Classification is a predictive modeling problem that involves predicting a class label for a given example.
It is generally assumed that the distribution of examples in the training dataset is even across all of the classes. In practice, this is rarely the case.
Those classification predictive models where the distribution of examples across class labels is not equal (e.g. are skewed) are called “imbalanced classification.”
Typically, a slight imbalance is not a problem and standard machine learning techniques can be used. In those cases where the imbalance is severe, such as a 1:100, 1:1000, or higher ratio of the minority to the majority class, then specialized techniques are required.
The reason why specialized techniques are required for classification problems with a severe imbalance in the classes is that most machine learning models used for classification were designed and tested around the assumption that the class distribution is equal. As such, they often fail or result in misleading results.
In this tutorial, you will discover the best resources that you can use to get started with imbalanced classification.
After completing this tutorial, you will know:
- The best books on the topic of machine learning for imbalanced classification.

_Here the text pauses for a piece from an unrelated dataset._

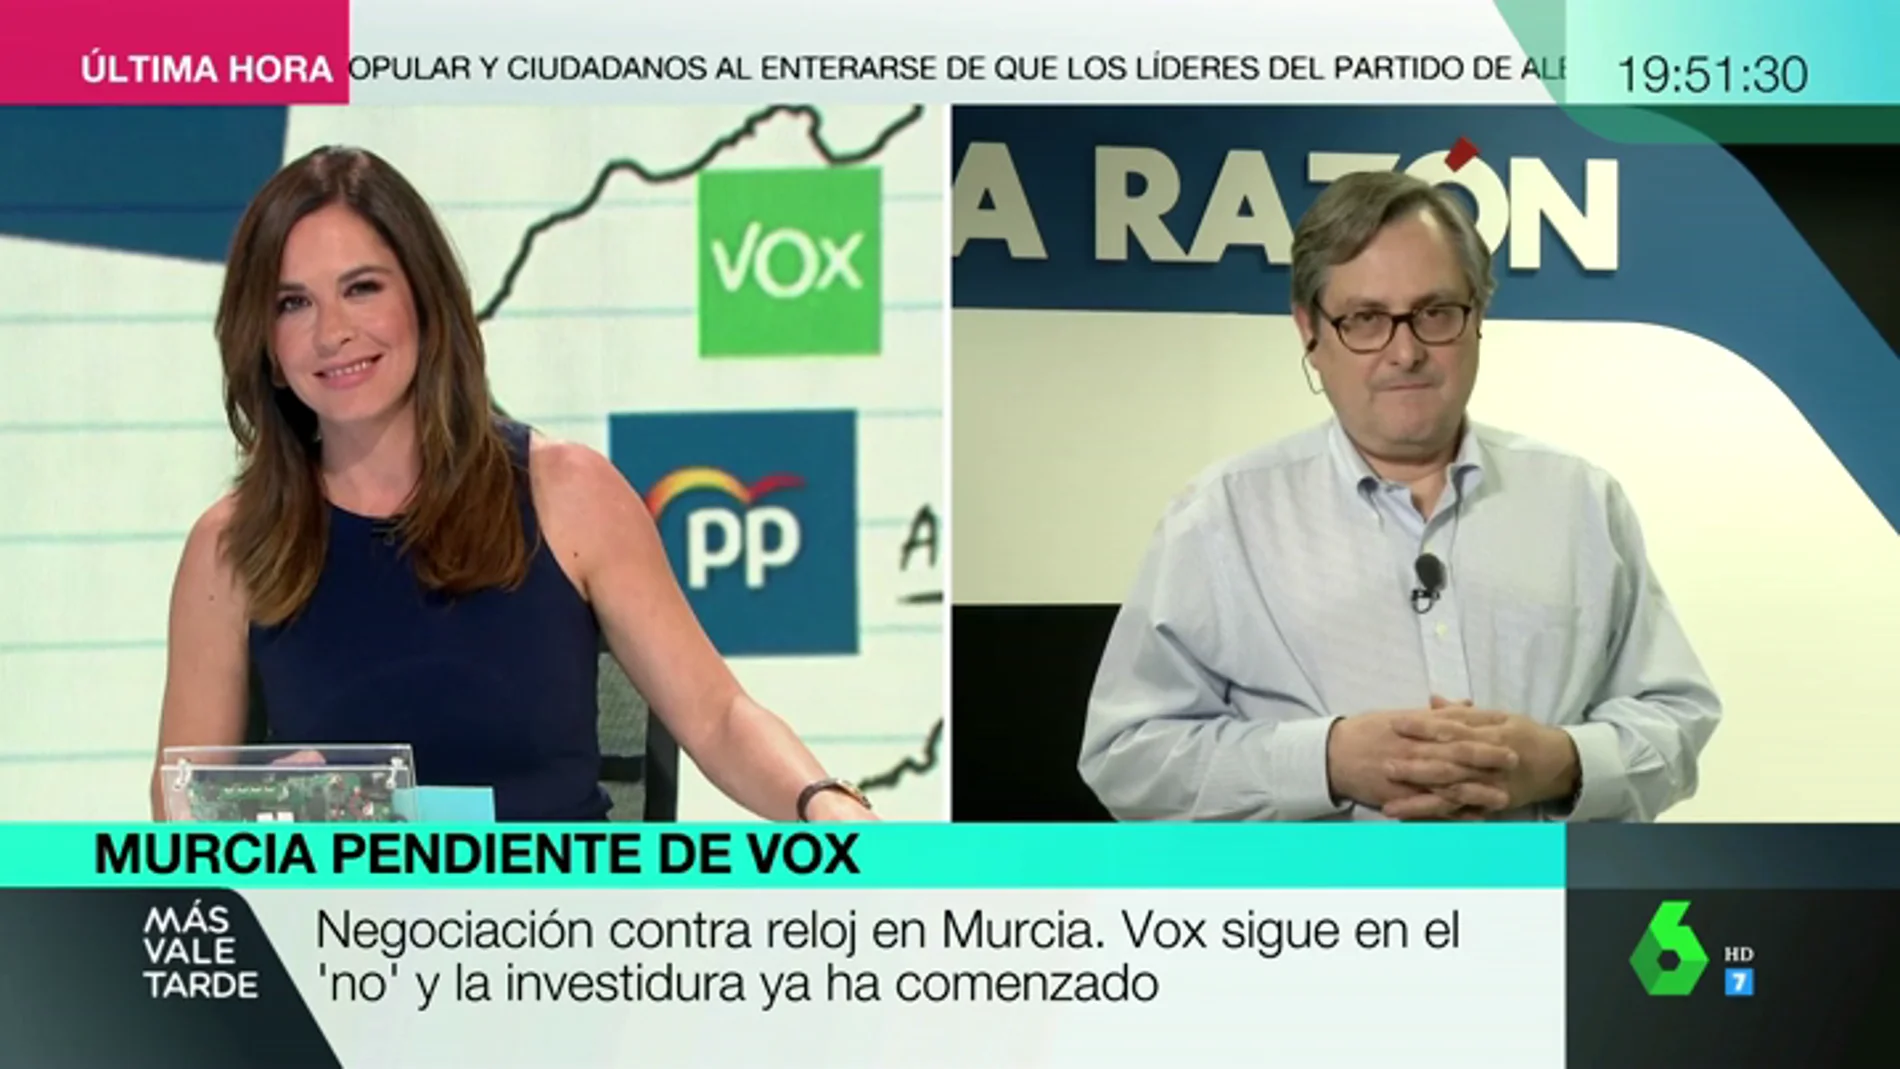  Francisco Marhuenda, sobre la tensa relación entre Vox y Ciudadanos: "No entiendo el complejo de pijoprogre de Cs"
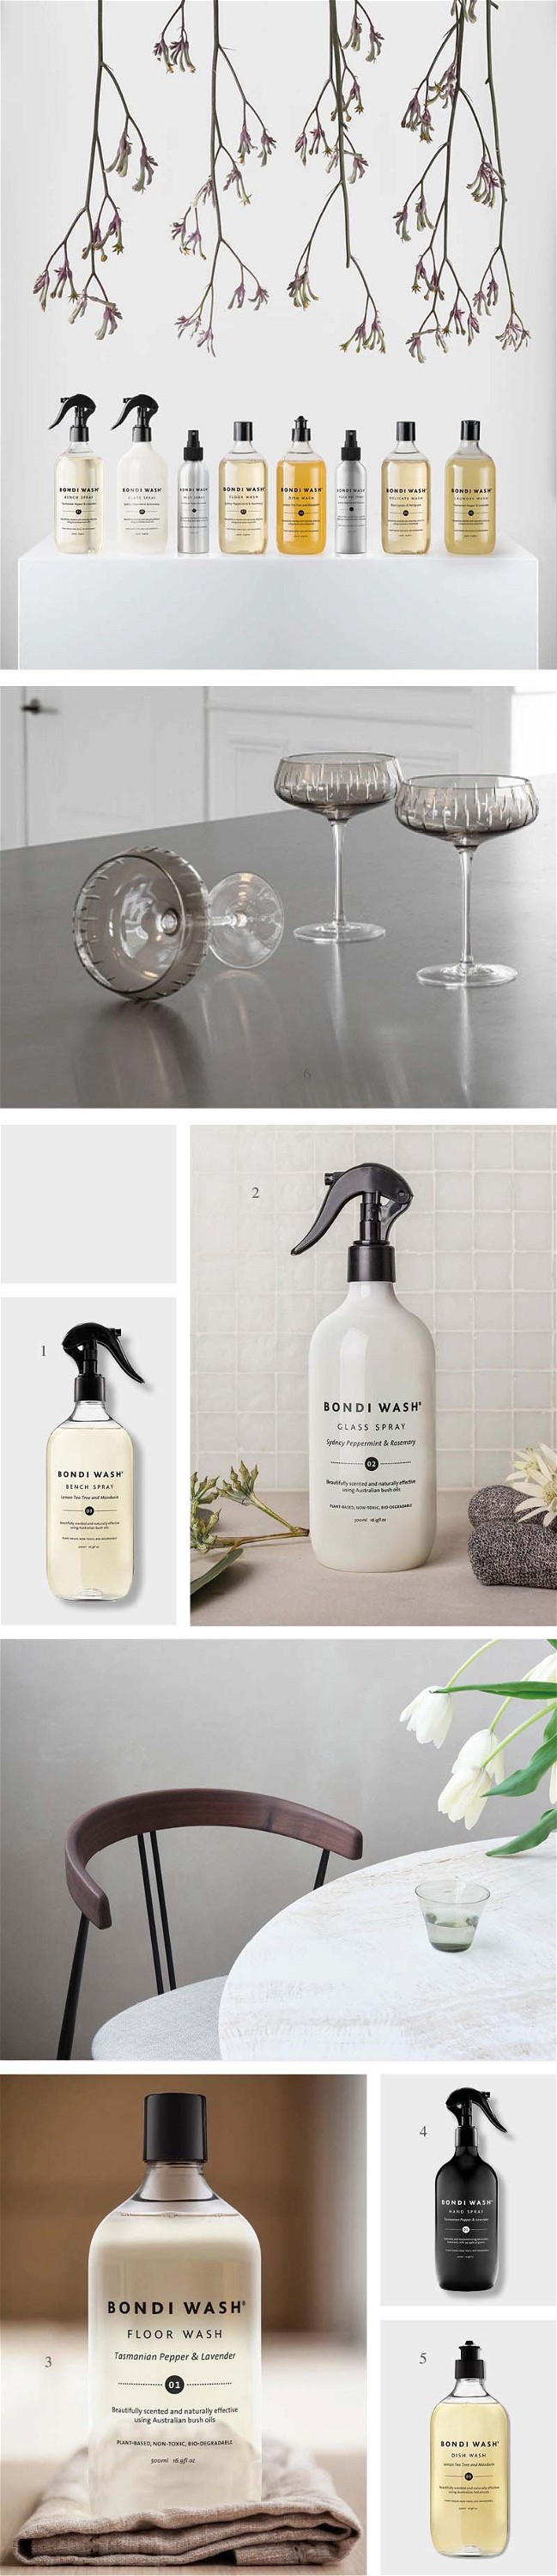 Fotocollage, die diverse Produkte von Bondi Wash nebeneinander aufgereiht zeigt

- The best survey papers that introduce the topic of class imbalance.
- The best Python libraries that you can use to develop solutions for your imbalanced dataset.
Kick-start your project with my new book Imbalanced Classification with Python, including step-by-step tutorials and the Python source code files for all examples.
Let’s get started.
- Updated Jan/2021: Updated links for API documentation.
Tutorial Overview
This tutorial is divided into three parts; they are:
- Books on Imbalanced Classification
- Survey Papers on Imbalanced Classification
- Python Libraries for Imbalanced Classification
Books on Imbalanced Classification
Addressing imbalanced classification predictive modeling problems with machine learning is a relatively new area of study.
Nevertheless, given the pervasiveness of imbalanced classification datasets, a few books and book chapters are available on the topic.
In this section, we will take a closer look at the following books on imbalanced classification for machine learning:
- Imbalanced Learning: Foundations, Algorithms, and Applications, 2013.
- Learning from Imbalanced Data Sets, 2018.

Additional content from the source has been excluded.